The greedy algorithm employs the steepest descent greedy strategy. At each scheduling decision point, based on the system’s current state, nodes were consistently selected that yielded the maximum instantaneous gain in the objective function to join the coalition. Once a node joins the alliance, it remains fixed, disregarding the long-term impact of this choice on subsequent steps. This fundamentally constitutes a single-step forward-looking local optimization strategy [,]. The particle swarm algorithm sets the population size to 50. Each particle updates its velocity and position based on its own historical optimal position and the swarm’s historical optimal position. The cognitive factor is set to 2.0, and the social factor is set to 2.0. This constitutes the standard configuration, balancing the influence of the particle’s own experience with that of the swarm’s optimal experience. Inertia weights employ a linear decay strategy, decreasing from w_max = 0.9 to w_min = 0.4. Higher initial weights facilitate global exploration, while lower weights later promote local exploitation. Particle velocity is capped at 20% of the solution space range to prevent an uncontrolled search, with a maximum iteration limit of 200 generations. The initial temperature for the standard simulated annealing algorithm is set to 5000, employing a classic geometric annealing strategy for cooling [,]. The genetic algorithm employs binary encoding, where each chromosome represents whether a node is selected for inclusion in the coalition. Biological evolution is simulated through selection, crossover, and mutation operations; the crossover probability is 0.8, and the mutation probability is 0.05. The population size is set to 100. A roulette wheel selection method is used; crossover employs single-point crossover; and mutation uses basic bit mutation. The maximum number of evolutionary generations is 200.

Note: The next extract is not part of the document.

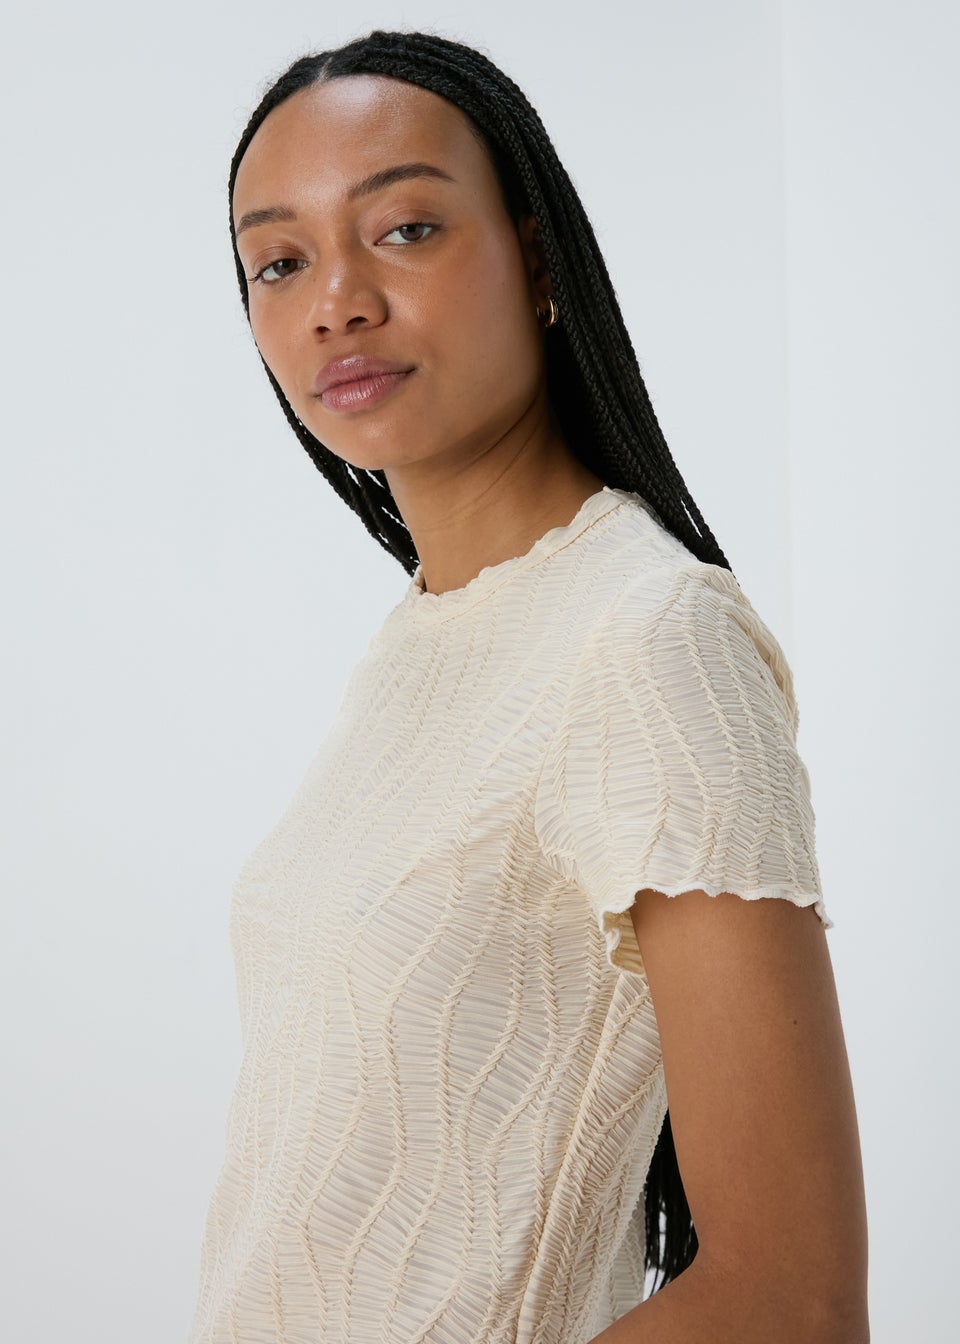 Ivory Short Sleeve Textured Top

As shown in Table 1, task completion rate is the most critical metric, directly reflecting an algorithm’s ability to solve practical problems. Resource utilization measures the efficiency with which an algorithm utilizes finite resources. The standard deviation of energy consumption assesses load balancing rather than absolute energy consumption. Iteration count measures an algorithm’s speed of convergence. Finally, computation time evaluates an algorithm’s computational efficiency and real-time performance.
Table 1.
Evaluation indicators obtained with different algorithms.
Figure 3 shows a comparison of the task completion rates for the different algorithms over a 24 h simulation cycle. The dynamic coalition algorithm demonstrated high scheduling efficiency from task initiation, achieving a task completion rate of 72.3% within 12 h and a final completion rate of 93.8%. The traditional greedy algorithm, lacking global optimization capabilities, encountered resource allocation conflict scenarios, resulting in a final completion rate of only 68.5%. While the particle swarm algorithm and genetic algorithm possess global search characteristics, they exhibited an insufficient adaptability to satisfy the multi-dimensional constraints, achieving task completion rates of 79.2% and 82.7%, respectively. The algorithm proposed in this paper effectively enhances the task scheduling success rate under complex constraints through the multi-dimensional evaluation mechanism and the annealing optimization framework.
Figure 3.
Comparison of task completion rates.
Figure 4 shows a comparison of algorithm performance under scenarios characterized by various task scales. When the number of tasks increased to 20, the dynamic coalition algorithm maintained a completion rate of 89.1%, which was 26.3% higher than that of the particle swarm algorithm. Its computation time increased sub-linearly with the task scale and, in a 50-task scenario, it only increased to 38.2 s, verifying the algorithm’s applicability in large-scale scenarios. While the traditional greedy algorithm took the shortest time for complex scenarios, its task completion rate dropped sharply to 41.3% as the scale increased, indicating that static allocation strategies struggle to handle complex dynamic scenarios.
Figure 4.
Algorithm performance comparison under different task scales.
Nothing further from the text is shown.